De repente me di cuenta de que no era yo quien miraba al perro. Desde
que entré, aquel animal me hipnotizó y mantuvo mis ojos fijos en los suyos.
Era el can el que me miraba y haciendo que cumpliera su voluntad.
Comencé a sentir mucha pereza, unas ganas de dormir en aquel sofá
rasgado, porque hacía mucho calor afuera y no tenía ganas de caminar.
Todo eso me parecía extraño y tuve la sensación de estar cayendo en una
trampa. El perro me miraba fijamente y, mientras más me miraba, más
sueño tenía.
—Vamos —dijo Petrus, levantándose y ofreciéndome la taza de té—,
toma un poco, porque la señora desea que ya nos vayamos.
Vacilé, pero conseguí tomar la taza y el té caliente me reanimó. Quería
decir algo, preguntar el nombre del animal, pero mi voz no salía. Algo
dentro de mí había despertado, algo que Petrus no me había enseñado, pero
que comenzaba a manifestarse.
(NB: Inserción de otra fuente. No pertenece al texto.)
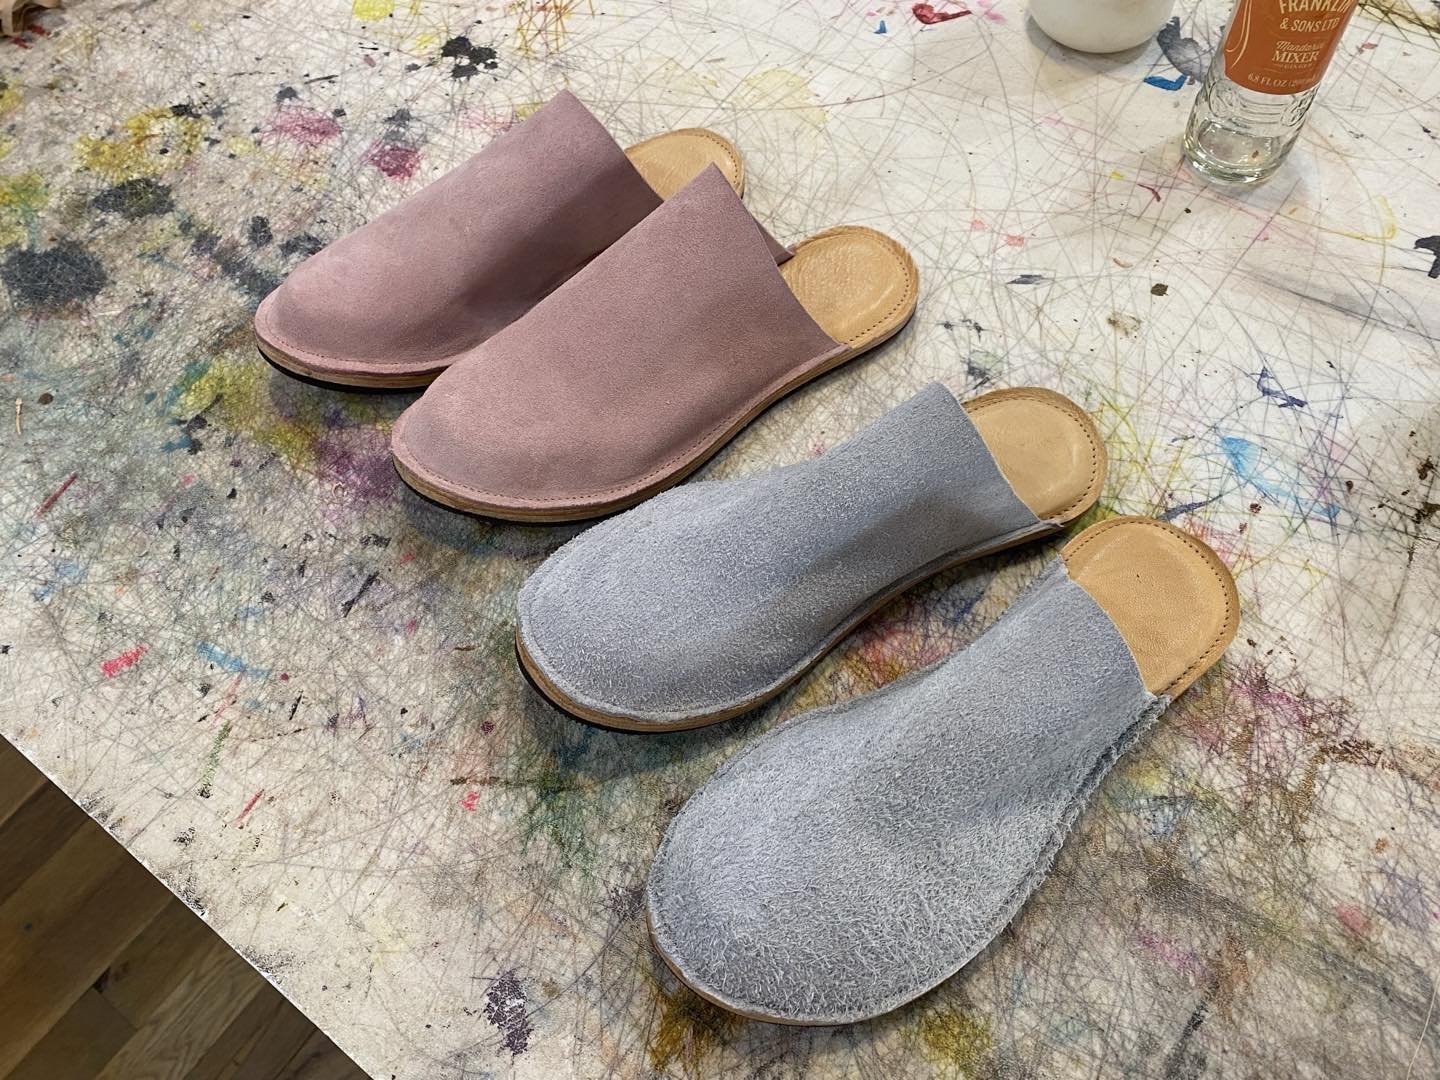 Sherry made some classy summer slides for her daughter and herself. They turned out amazing don&rsquo;t you think? #slides #coloradoshoeschool
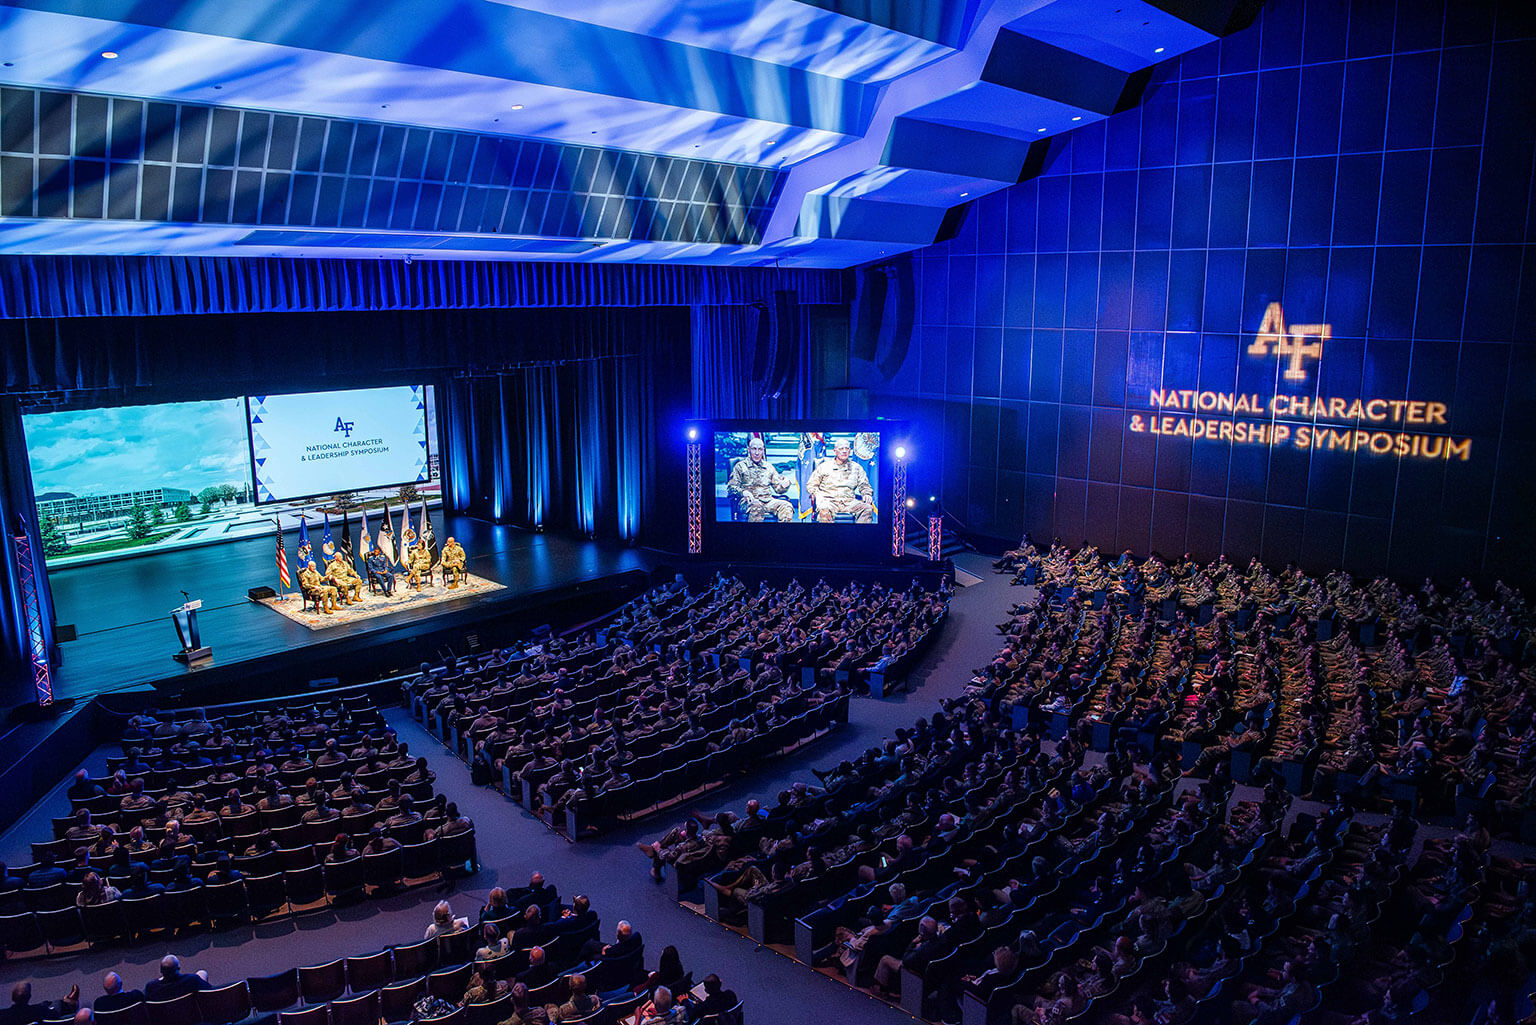 U.S. Air Force and Space Force senior leaders speak to a packed house at the U.S. Air Force Academy’s 31st National Character and Leadership Symposium.

Era un deseo incontrolable de decir palabras
extrañas, cuyo significado ni yo mismo conocía. Me di cuenta de que Petrus
había puesto algo en el té. Todo parecía distante y tenía sólo una vaga
noción de que la mujer le decía a Petrus que debíamos irnos. Sentí un
estado de euforia y decidí decir en voz alta las palabras extrañas que me
pasaban por la mente.
Todo lo que podía percibir en esa sala era al perro.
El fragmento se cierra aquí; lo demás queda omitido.